### GIVEN INFORMATION
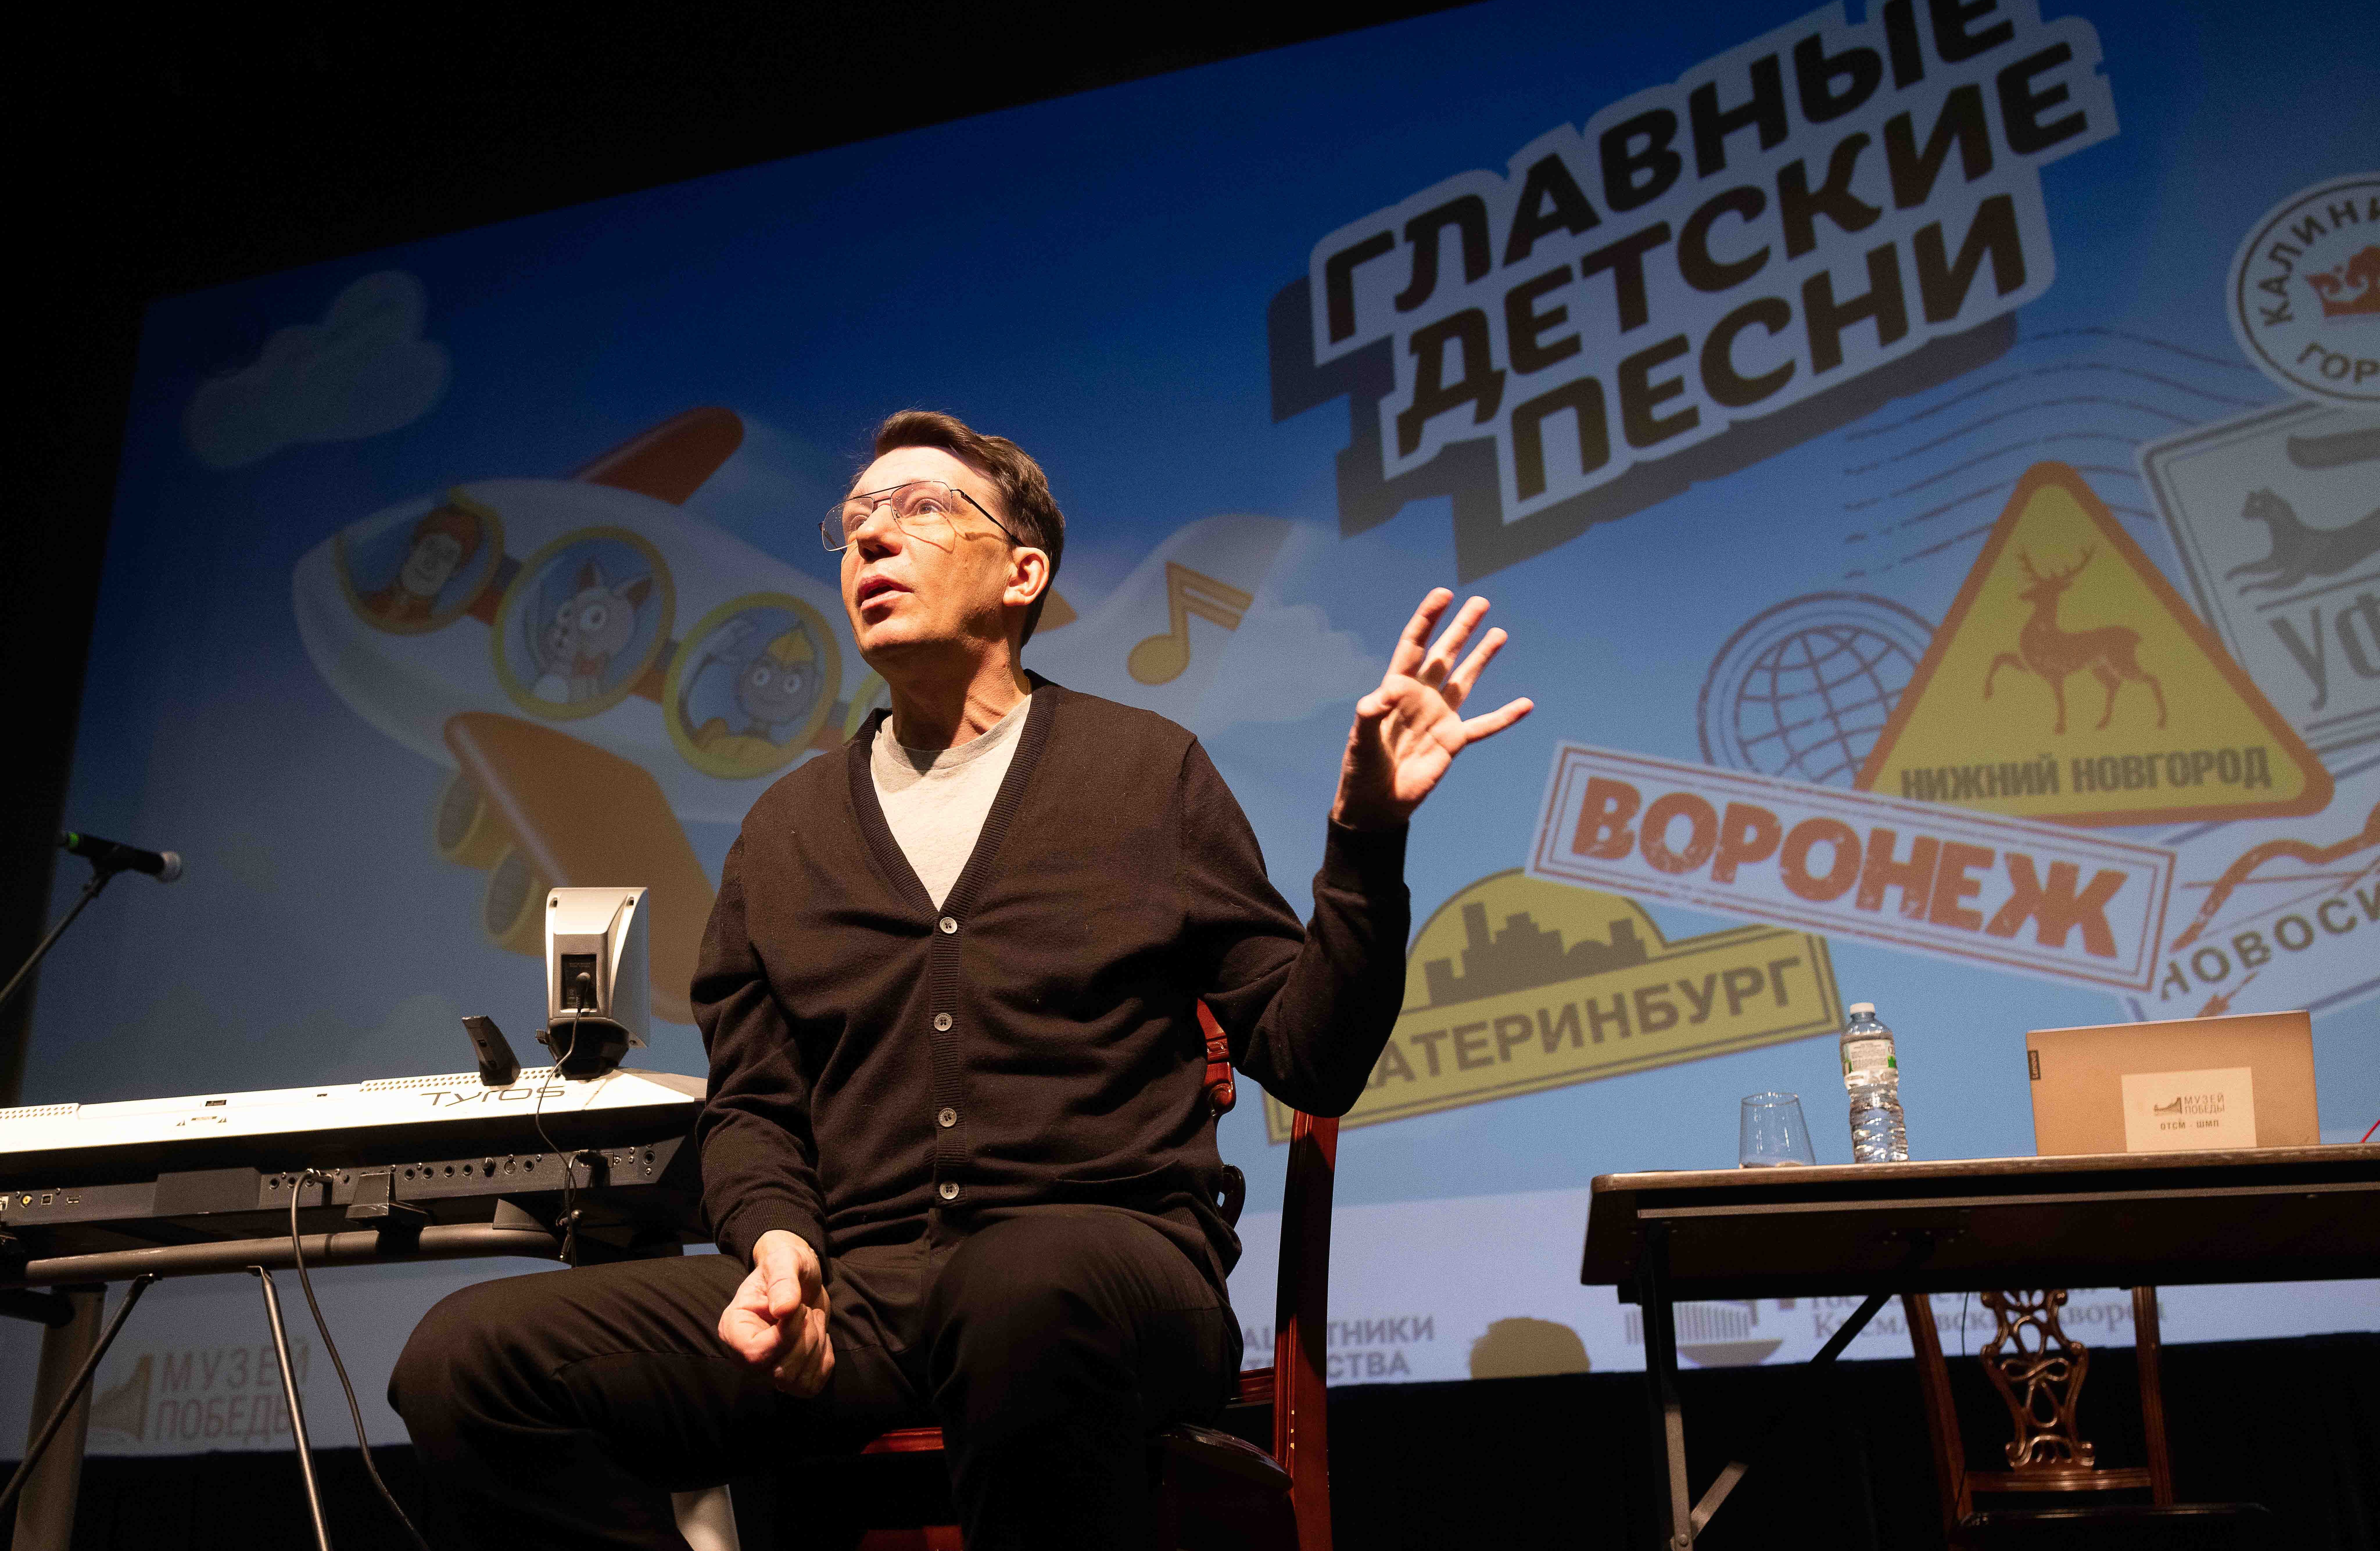 Виталий Осошник: «Проект «Главные детские песни» стал народным»
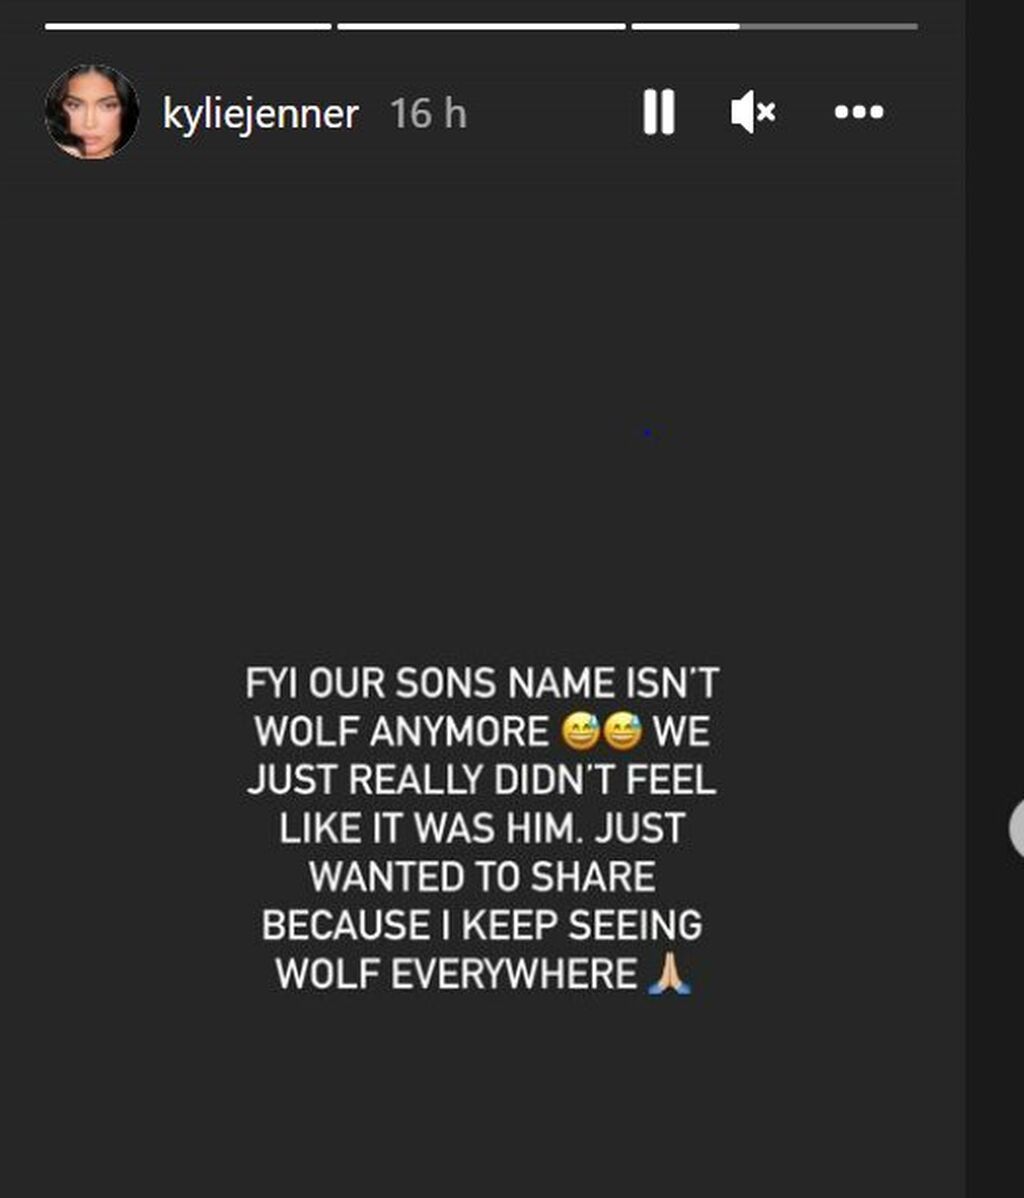 La historia de Instagram donde Kylie Jenner anuncia el cambio de nombre
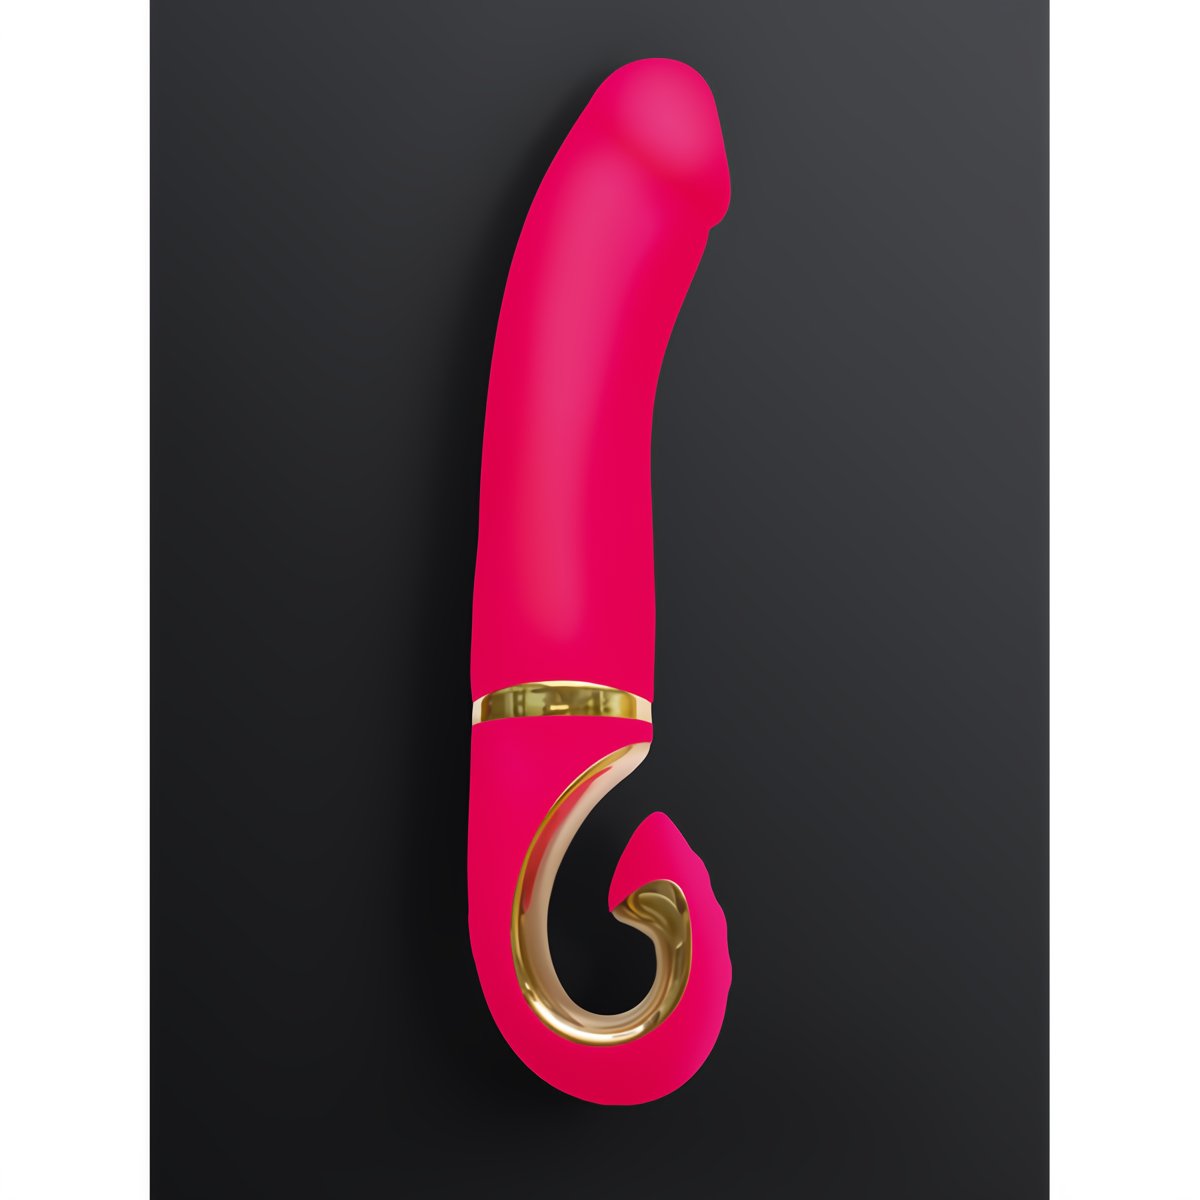 G - Jay - Pink - EroticToyzProducten,Toys,Vibrators,G - Spot Vibrator,,VrouwelijkG - Vibe

### EXERCISE DIRECTIONS
In the listing above, transcribe exactly the lines from the line containing "La historia de" through the last one, both included, but not the pictures.

### WRITTEN REPLY
 La historia de Instagram donde Kylie Jenner anuncia el cambio de nombre
 G - Jay - Pink - EroticToyzProducten,Toys,Vibrators,G - Spot Vibrator,,VrouwelijkG - Vibe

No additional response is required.